A figura desse juiz foi aprovada pelo Congresso no chamado pacote anticrime e sancionado pelo presidente Jair Bolsonaro no ano passado. Fux suspendeu esse trecho da lei até que o plenário julgasse o caso, o que ainda não ocorreu. O HC, ajuizado pelo Instituto de Garantias Penais, ainda não foi distribuído para um ministro ser o relator.
A decisão dos quatro ministros de se manterem trabalhando no recesso foi vista como uma forma de evitar que o caso caia nas mãos de Fux e, tendo em vista a liminar dele, seja negado. Principalmente pelo perfil deles: Marco Aurélio, Lewandowski e Gilmar são considerados garantistas, ou seja, mais afeitos aos direitos dos réus, e Alexandre de Moraes já se manifestou favorável ao juiz de garantias.
Ao GLOBO, Marco Aurélio Mello afirmou que decidiu trabalhar durante o recesso porque permanecerá em Brasília, por conta da pandemia, e negou que a decisão tenha relação com o HC do juiz de garantias. Ele adiantou, ressaltando não conhecer o pedido, que não concede HCs coletivos — esse é o caso em questão.
"Eu não tenho conhecimento. Parece que é um habeas corpus. Agora, eu não estou entendendo, porque geralmente habeas corpus é para preservar com relação ao cidadão a liberdade de ir e vir. E parece que se trata de um habeas corpus coletivo. Eu, individualmente, não concedo habeas corpus coletivo", disse.
O ministro disse que também trabalhou no recesso de julho, quando o presidente do STF era Dias Toffoli. O Supremo confirmou que ele e Alexandre de Moraes já adotaram a mesma postura, de avisar que estariam trabalhando, em outras ocasiões passadas.
Marco Aurélio nega que tenha decidido trabalhar como forma de disputar protagonismo ou mesmo retaliar Fux, com quem já teve embates, especialmente após o presidente derrubar uma liminar sua que soltou o traficante conhecido como André do Rap .
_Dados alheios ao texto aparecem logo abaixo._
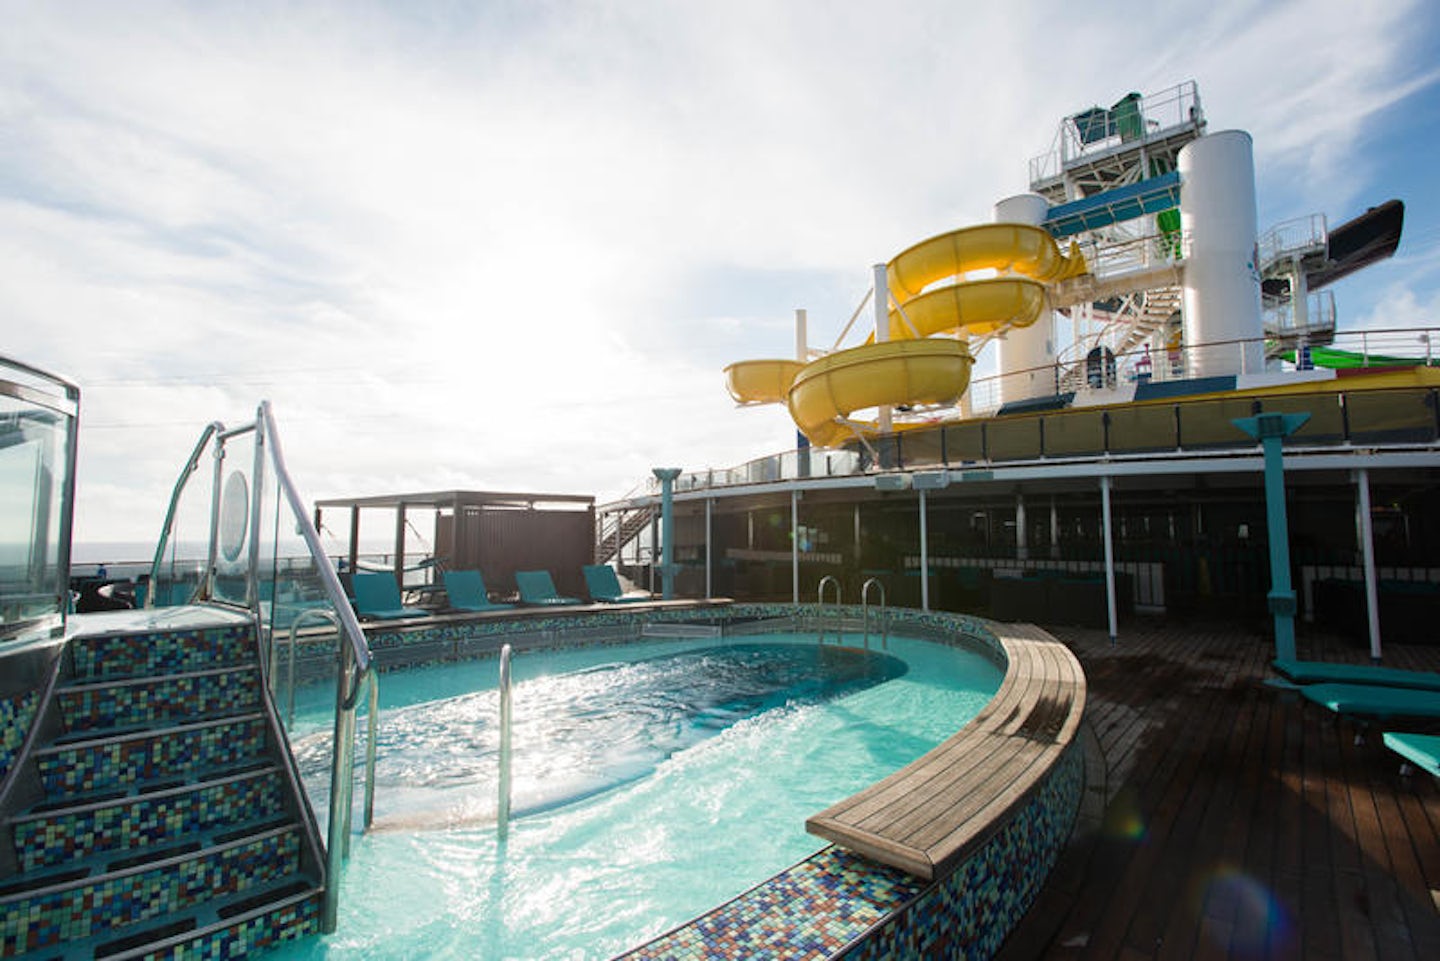 The Serenity Hot Tubs on Carnival Pride

"Eu não sou uma pessoa de retaliar. Eu simplesmente sinto. Escorrega comigo como o presidente (Luiz Fux) escorregou, cassar minha decisão e me submeter à execração pública, fico triste, adoto a postura que entendo que devo adotar, mas não adoto retaliação. Eu sou um bom cristão", disse Marco Aurélio.
"Ficando aqui eu adianto a minha parte. Eu estou isolado, acho que é a melhor vacina por enquanto. Não vou agora baixar guarda e ir para o Rio", completa.
O gabinete do ministro Ricardo Lewandowski informou que ele continuará despachando nos processos sob sua relatoria durante o recesso forense e o mês de janeiro. Segundo a nota, sendo relator de diversos processos sobre a Covid-19 , ele "não se sente no direito de descansar diante do enfrentamento da pandemia". "Está isolado em casa desde março, trabalhando normalmente e entende ser importante colaborar com a Presidência do STF, tendo em vista o acréscimo no volume de processos que a pandemia trouxe à Corte", afirma o comunicado.
O advogado Antonio Carlos de Almeida Castro, conhecido como Kakay, é um dos que assinam o HC protocolado no Supremo. Ele reclama que o processo ainda não foi distribuído. Kakay argumenta que o habeas corpus coletivo não levará à soltura de criminosos condenados presos nem haverá anulação de processos.
"O pedido é para que seja revogada a decisão do ministro Fux, uma decisão de janeiro. E o mais importante deste caso é que isso vá ao plenário. Juiz de garantia é a maior conquista do processo penal brasileiro", diz o advogado.